Yep...unhandled. However, I personally have not used em. I did get other knife blades from them and they were decent...


----------



## ripjack13 (Feb 16, 2015)

Oh and usa knife has one ...440 steel

http://usaknifemaker.com/kit-knives...blanks/fillet-knife-blade-002-440c-steel.html


----------



## ripjack13 (Feb 16, 2015)

http://www.knifekits.com/vcom/product_info.php?products_id=2192


http://www.premiumknifesupply.com/search.php?Search=&search_query=fillet+knife


----------



## gman2431 (Feb 16, 2015)

Thanks man. Is it kinda safe to assume you get what you pay for?
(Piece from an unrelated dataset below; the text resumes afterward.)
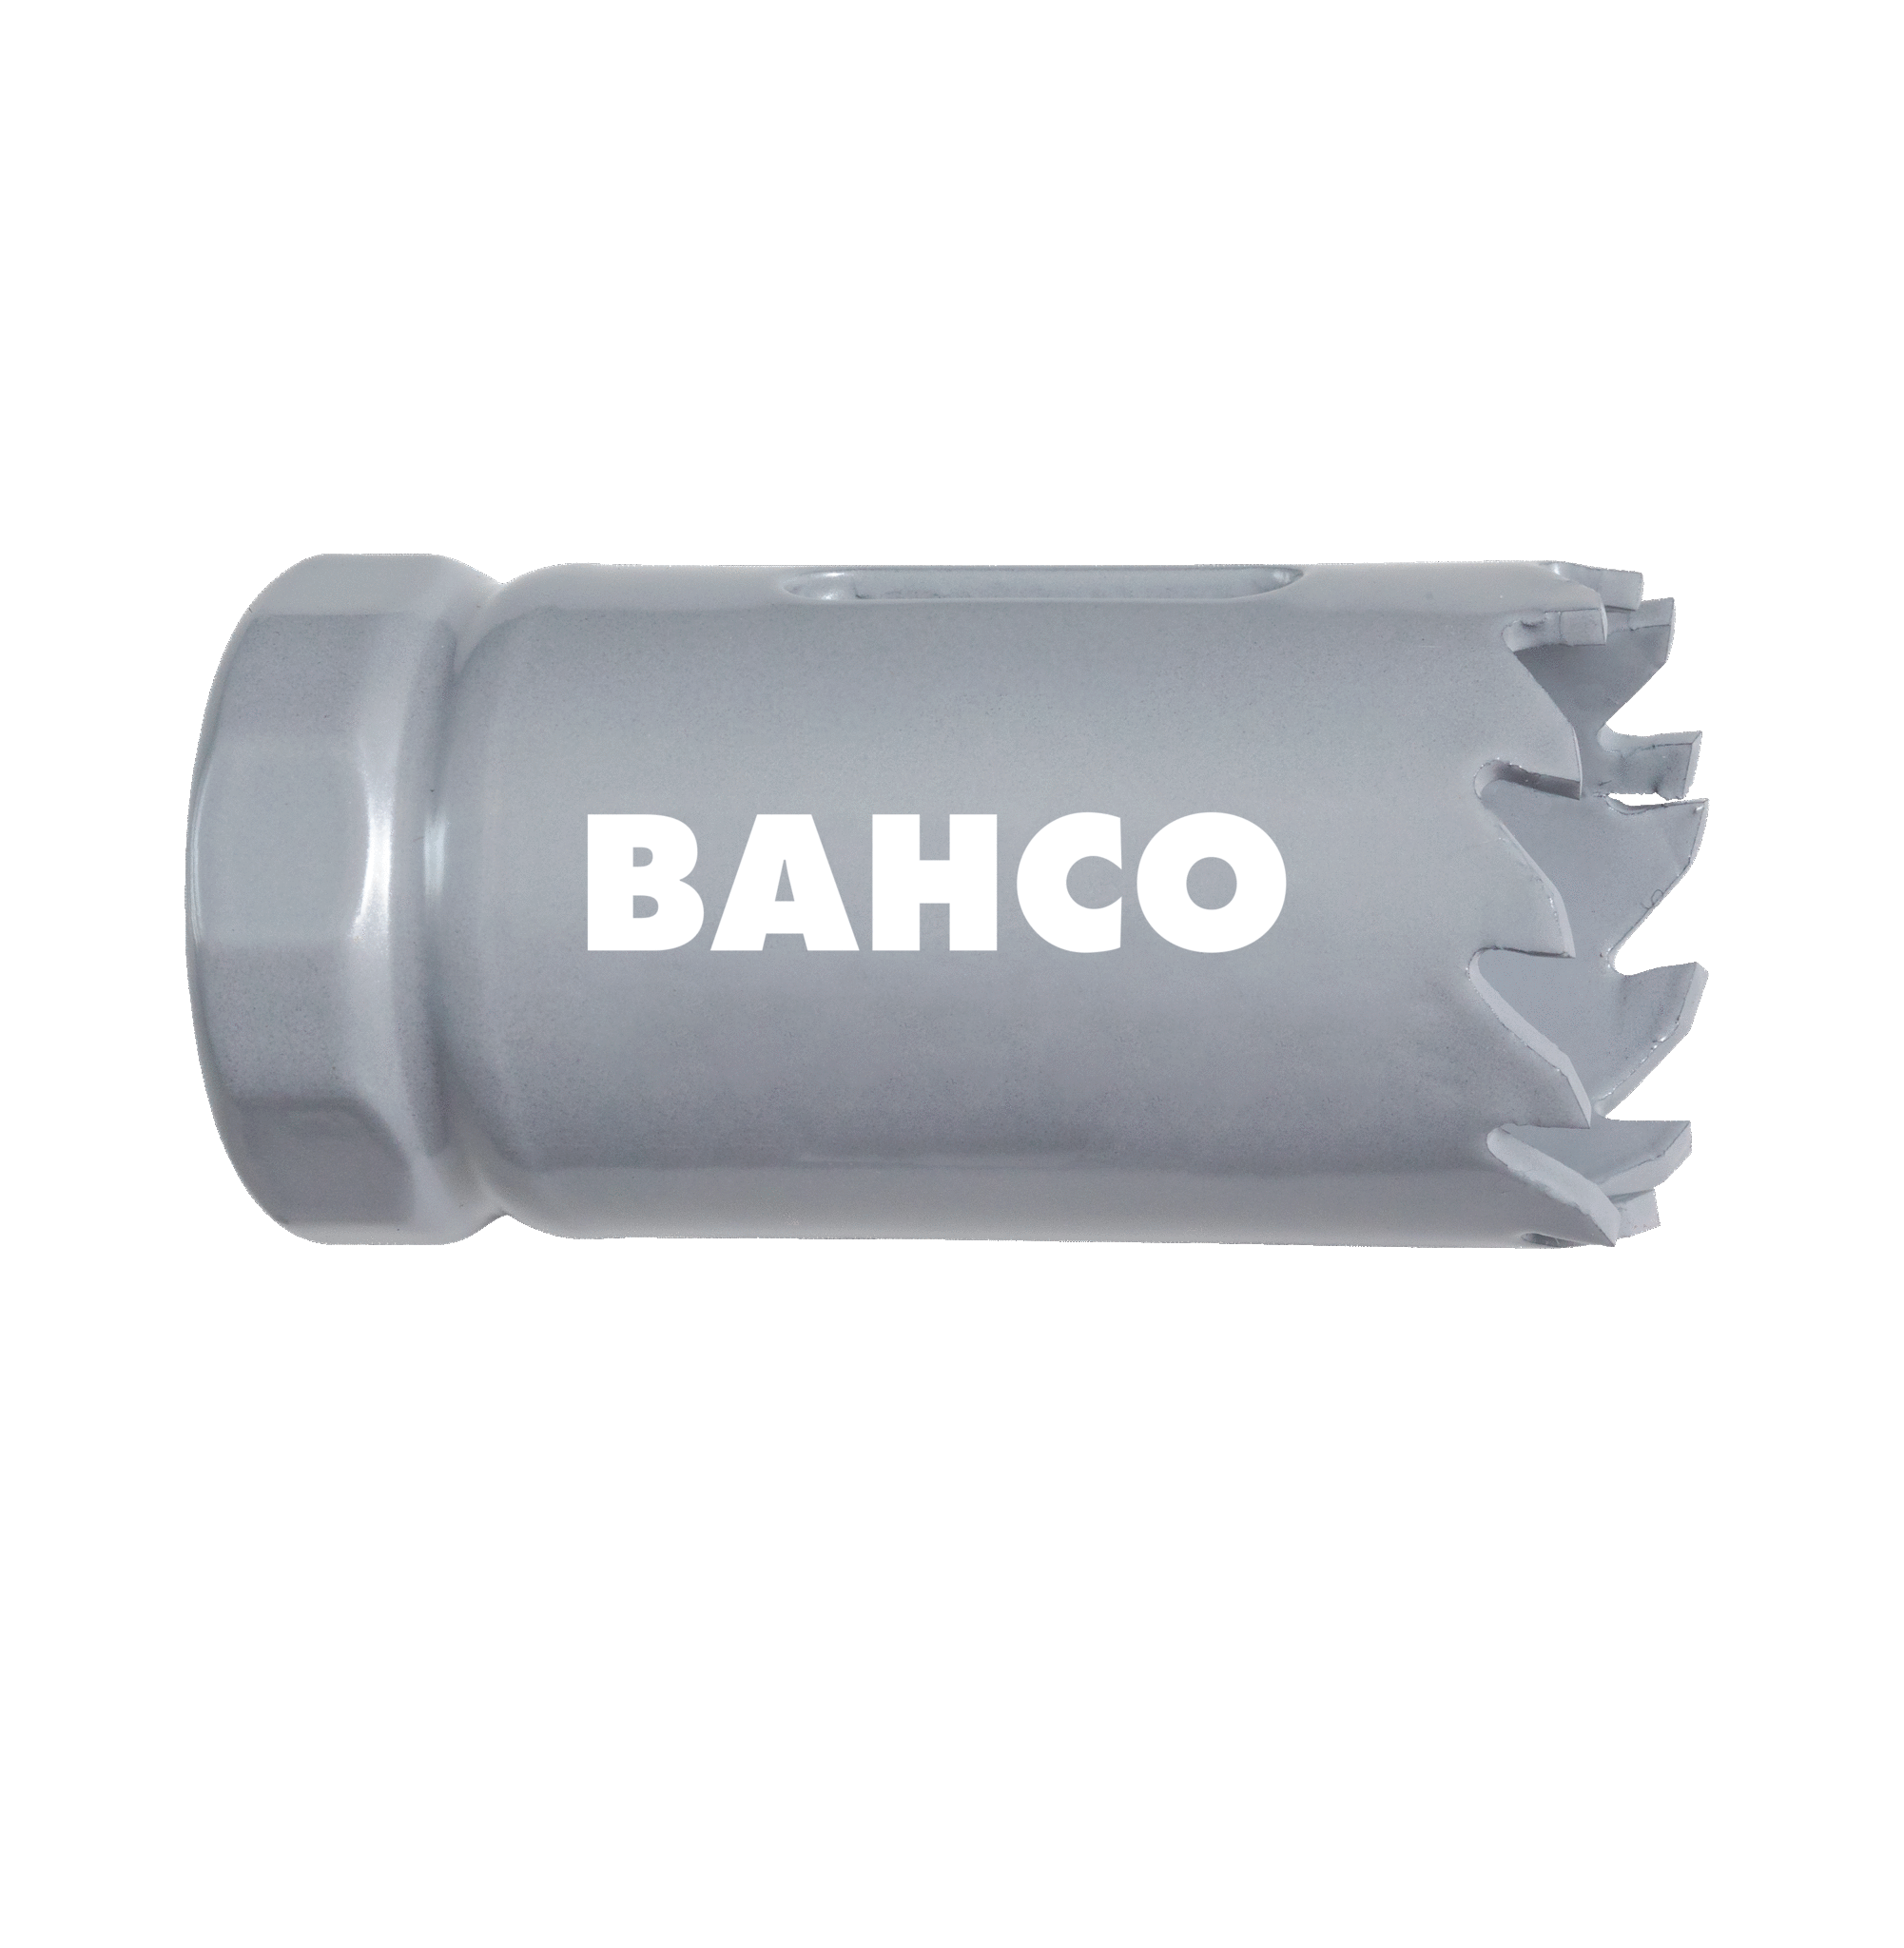 Кольцевые пилы с твердосплавными напайками BAHCO 3832-95
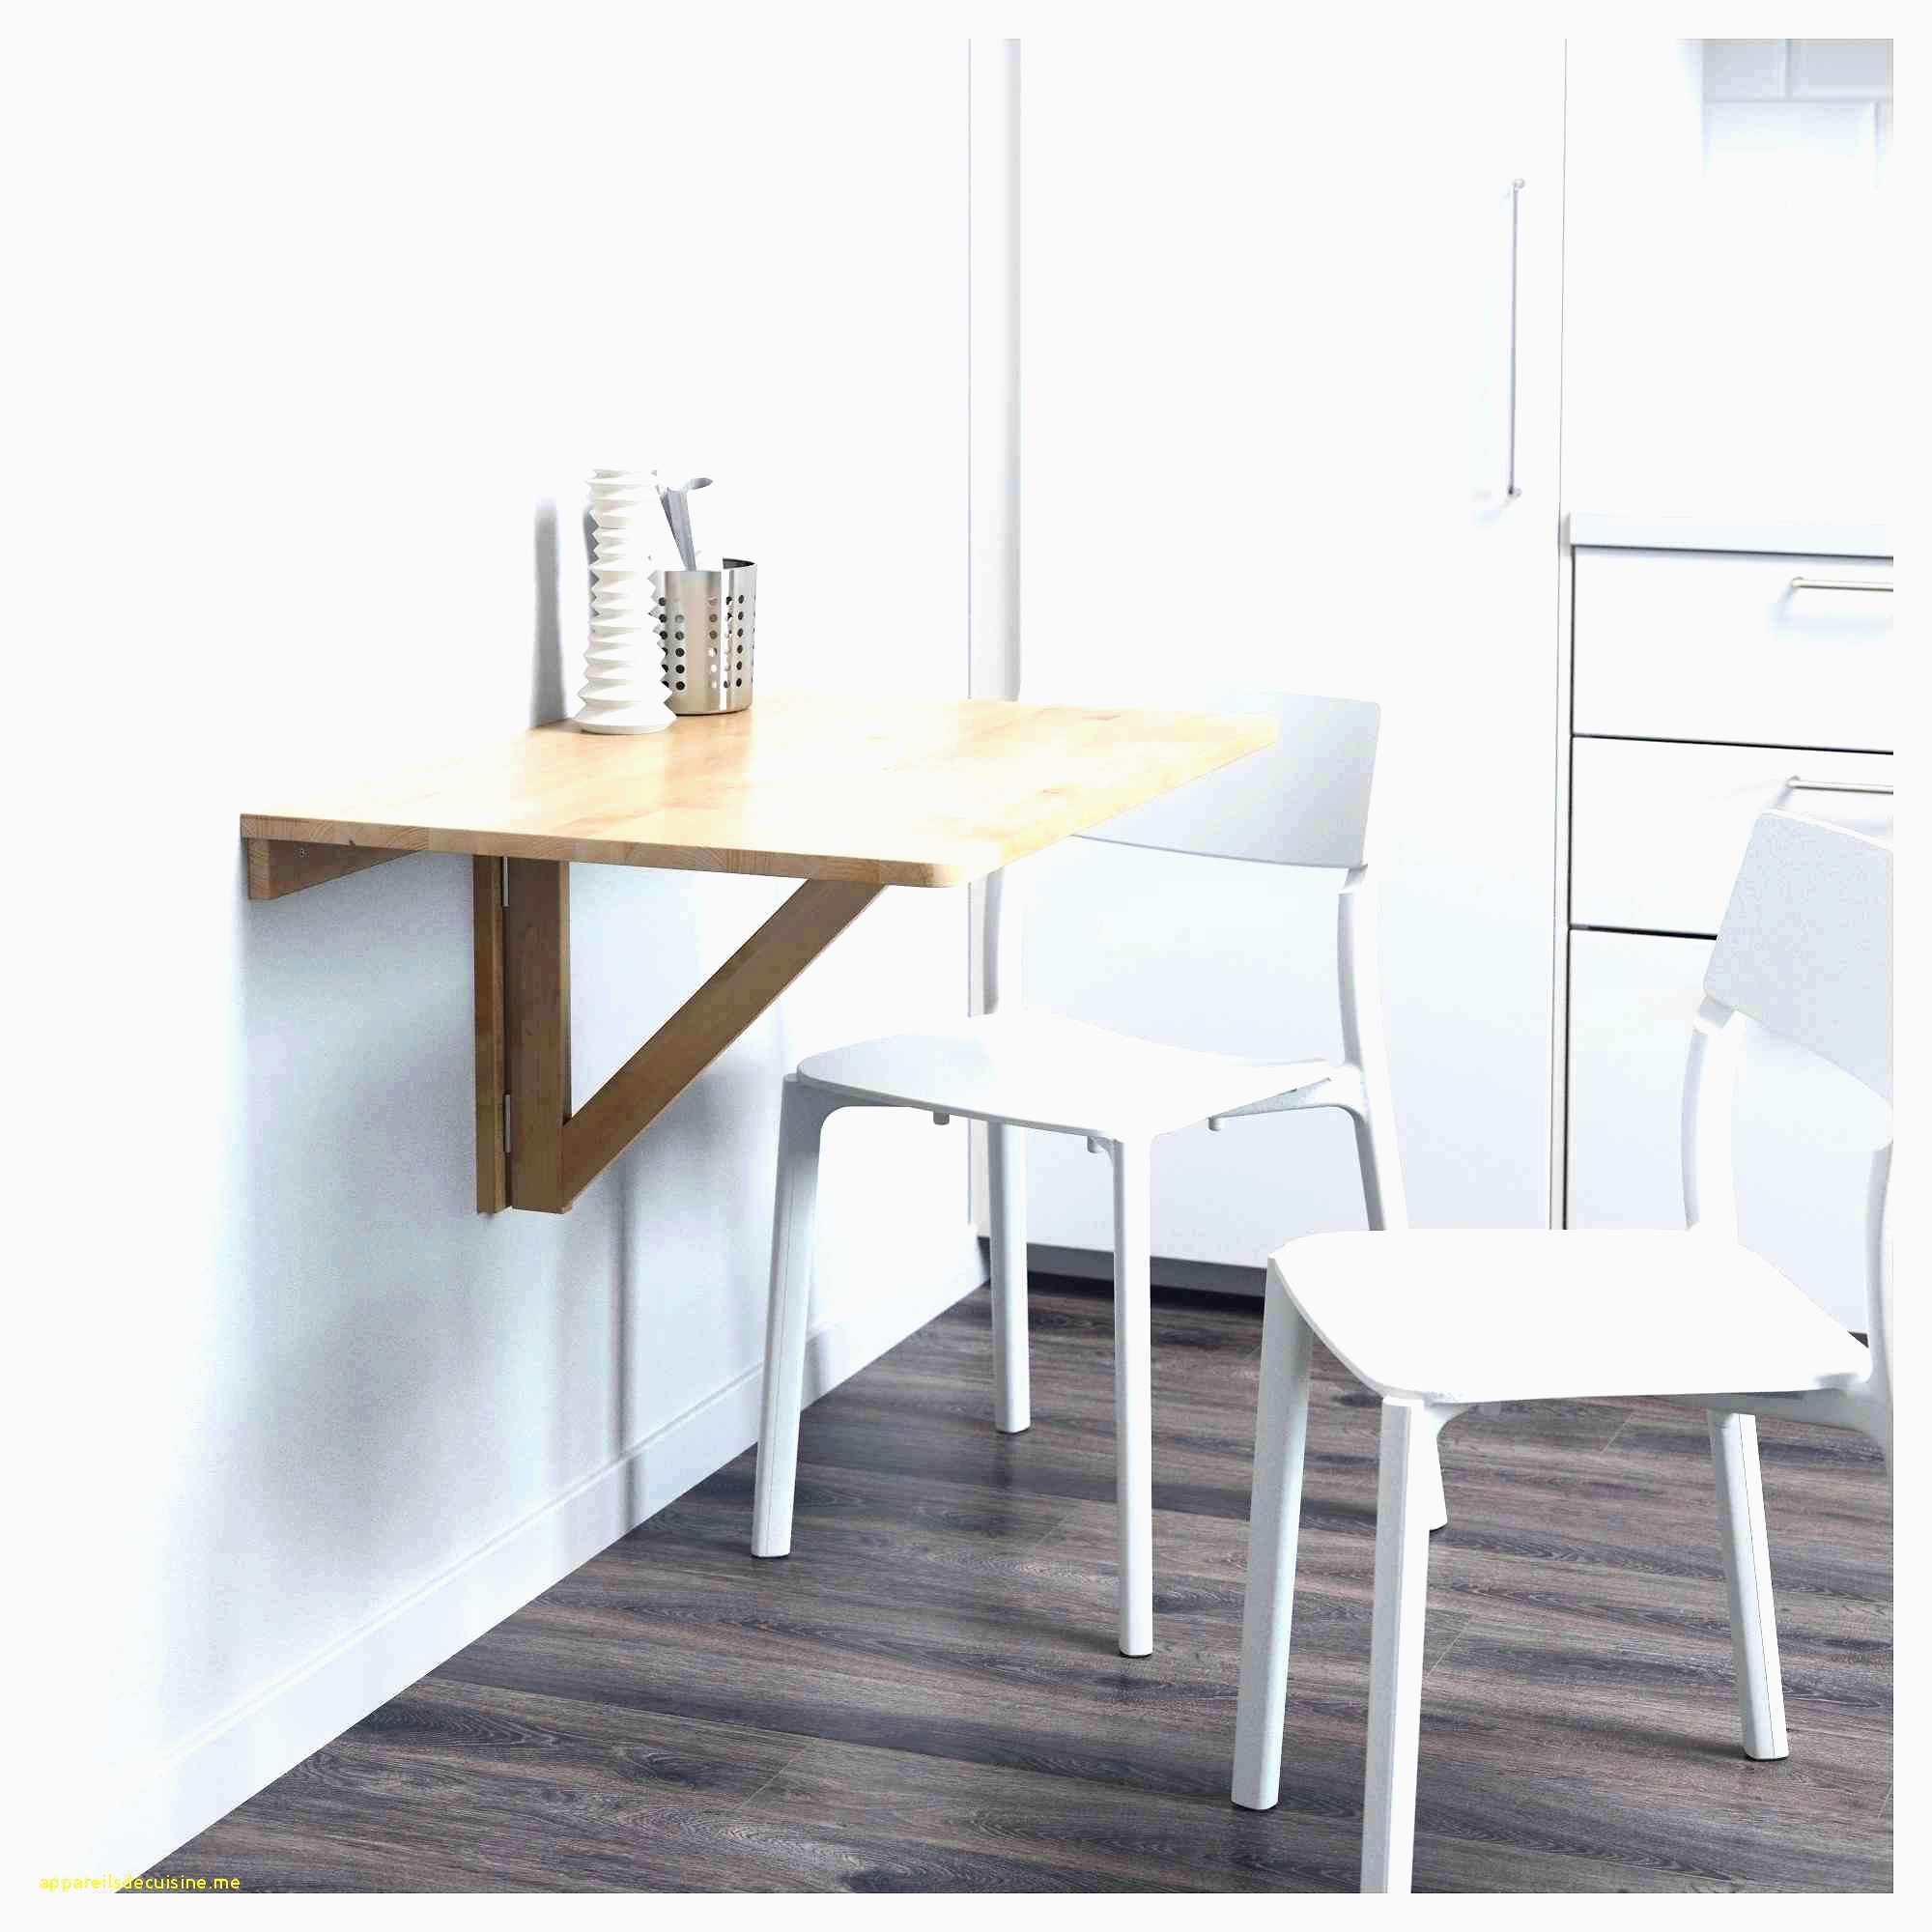 produit traitement bois frais cuisine table chaise 0d alinea haute de luxe 6ymiyfbgv7 dtsqrhc stock de produit traitement bois

I was thinking theyd be more.


----------



## ripjack13 (Feb 16, 2015)

I can look for some dasmascus blades....those are over 100 bucks... :)

Reactions: Funny 1


----------



## robert flynt (Feb 16, 2015)

ripjack13 said:


> Oh and usa knife has one ...440 steel
> 
> http://usaknifemaker.com/kit-knives...blanks/fillet-knife-blade-002-440c-steel.html


Stay away from 440 steel if it doesn't say 440c, because it won't hold an edge.

Reactions: Like 2 | Agree 1


----------



## ripjack13 (Feb 16, 2015)

That one is 440c....


----------



## ClintW (Feb 16, 2015)

I have a knifekits.com fillet blade. Haven't put the handle on, but seems to be pretty decent quality.

Reactions: Thank You! 1


----------